(Items from a data source)
[Start of Attachment]

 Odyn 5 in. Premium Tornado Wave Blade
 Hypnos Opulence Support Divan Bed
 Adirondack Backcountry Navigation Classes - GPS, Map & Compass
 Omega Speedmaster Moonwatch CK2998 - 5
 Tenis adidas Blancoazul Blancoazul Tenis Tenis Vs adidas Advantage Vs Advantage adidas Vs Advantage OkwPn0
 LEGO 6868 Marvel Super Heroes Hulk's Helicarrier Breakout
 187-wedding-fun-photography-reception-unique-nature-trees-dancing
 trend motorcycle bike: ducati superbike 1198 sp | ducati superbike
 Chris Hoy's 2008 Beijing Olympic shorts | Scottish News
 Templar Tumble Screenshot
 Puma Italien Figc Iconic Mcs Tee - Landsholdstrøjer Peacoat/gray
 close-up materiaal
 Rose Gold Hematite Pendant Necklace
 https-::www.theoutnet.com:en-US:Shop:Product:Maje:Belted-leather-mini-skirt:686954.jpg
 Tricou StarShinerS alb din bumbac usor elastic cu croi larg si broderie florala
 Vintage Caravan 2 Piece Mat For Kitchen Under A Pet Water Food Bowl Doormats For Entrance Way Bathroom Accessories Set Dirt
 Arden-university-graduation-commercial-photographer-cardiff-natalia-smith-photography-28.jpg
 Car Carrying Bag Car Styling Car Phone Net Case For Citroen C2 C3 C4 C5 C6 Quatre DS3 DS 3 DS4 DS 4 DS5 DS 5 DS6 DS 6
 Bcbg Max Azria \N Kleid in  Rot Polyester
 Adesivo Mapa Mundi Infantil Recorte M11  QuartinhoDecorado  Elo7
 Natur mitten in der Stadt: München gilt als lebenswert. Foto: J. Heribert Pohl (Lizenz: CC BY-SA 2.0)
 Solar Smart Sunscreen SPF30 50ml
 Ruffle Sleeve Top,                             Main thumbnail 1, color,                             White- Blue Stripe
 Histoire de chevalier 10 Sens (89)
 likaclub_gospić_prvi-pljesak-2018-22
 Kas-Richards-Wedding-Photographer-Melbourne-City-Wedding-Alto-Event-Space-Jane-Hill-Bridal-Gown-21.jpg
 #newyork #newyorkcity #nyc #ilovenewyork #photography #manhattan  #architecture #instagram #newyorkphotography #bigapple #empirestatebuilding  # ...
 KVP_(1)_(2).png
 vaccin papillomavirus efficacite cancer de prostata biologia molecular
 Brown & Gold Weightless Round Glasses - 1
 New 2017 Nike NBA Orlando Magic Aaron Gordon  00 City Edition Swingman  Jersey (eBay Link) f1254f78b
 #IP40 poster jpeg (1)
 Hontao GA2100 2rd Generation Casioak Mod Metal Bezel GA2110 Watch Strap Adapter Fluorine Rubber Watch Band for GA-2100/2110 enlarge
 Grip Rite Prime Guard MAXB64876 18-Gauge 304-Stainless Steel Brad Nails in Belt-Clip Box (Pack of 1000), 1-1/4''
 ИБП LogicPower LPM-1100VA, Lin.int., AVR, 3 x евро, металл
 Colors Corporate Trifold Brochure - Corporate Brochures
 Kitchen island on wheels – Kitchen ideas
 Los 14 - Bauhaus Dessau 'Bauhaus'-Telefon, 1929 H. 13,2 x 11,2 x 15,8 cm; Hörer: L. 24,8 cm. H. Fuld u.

[End of Attachment]

> **TASK INSTRUCTIONS**
From the records above, extract exactly and only the lines that begin at the line with "LEGO 6868 Marvel" and stop after the line with "Kitchen island on wheels – Kitchen ideas".

> **RESULT OF THE EXERCISE**
 LEGO 6868 Marvel Super Heroes Hulk's Helicarrier Breakout
 187-wedding-fun-photography-reception-unique-nature-trees-dancing
 trend motorcycle bike: ducati superbike 1198 sp | ducati superbike
 Chris Hoy's 2008 Beijing Olympic shorts | Scottish News
 Templar Tumble Screenshot
 Puma Italien Figc Iconic Mcs Tee - Landsholdstrøjer Peacoat/gray
 close-up materiaal
 Rose Gold Hematite Pendant Necklace
 https-::www.theoutnet.com:en-US:Shop:Product:Maje:Belted-leather-mini-skirt:686954.jpg
 Tricou StarShinerS alb din bumbac usor elastic cu croi larg si broderie florala
 Vintage Caravan 2 Piece Mat For Kitchen Under A Pet Water Food Bowl Doormats For Entrance Way Bathroom Accessories Set Dirt
 Arden-university-graduation-commercial-photographer-cardiff-natalia-smith-photography-28.jpg
 Car Carrying Bag Car Styling Car Phone Net Case For Citroen C2 C3 C4 C5 C6 Quatre DS3 DS 3 DS4 DS 4 DS5 DS 5 DS6 DS 6
 Bcbg Max Azria \N Kleid in  Rot Polyester
 Adesivo Mapa Mundi Infantil Recorte M11  QuartinhoDecorado  Elo7
 Natur mitten in der Stadt: München gilt als lebenswert. Foto: J. Heribert Pohl (Lizenz: CC BY-SA 2.0)
 Solar Smart Sunscreen SPF30 50ml
 Ruffle Sleeve Top,                             Main thumbnail 1, color,                             White- Blue Stripe
 Histoire de chevalier 10 Sens (89)
 likaclub_gospić_prvi-pljesak-2018-22
 Kas-Richards-Wedding-Photographer-Melbourne-City-Wedding-Alto-Event-Space-Jane-Hill-Bridal-Gown-21.jpg
 #newyork #newyorkcity #nyc #ilovenewyork #photography #manhattan  #architecture #instagram #newyorkphotography #bigapple #empirestatebuilding  # ...
 KVP_(1)_(2).png
 vaccin papillomavirus efficacite cancer de prostata biologia molecular
 Brown & Gold Weightless Round Glasses - 1
 New 2017 Nike NBA Orlando Magic Aaron Gordon  00 City Edition Swingman  Jersey (eBay Link) f1254f78b
 #IP40 poster jpeg (1)
 Hontao GA2100 2rd Generation Casioak Mod Metal Bezel GA2110 Watch Strap Adapter Fluorine Rubber Watch Band for GA-2100/2110 enlarge
 Grip Rite Prime Guard MAXB64876 18-Gauge 304-Stainless Steel Brad Nails in Belt-Clip Box (Pack of 1000), 1-1/4''
 ИБП LogicPower LPM-1100VA, Lin.int., AVR, 3 x евро, металл
 Colors Corporate Trifold Brochure - Corporate Brochures
 Kitchen island on wheels – Kitchen ideas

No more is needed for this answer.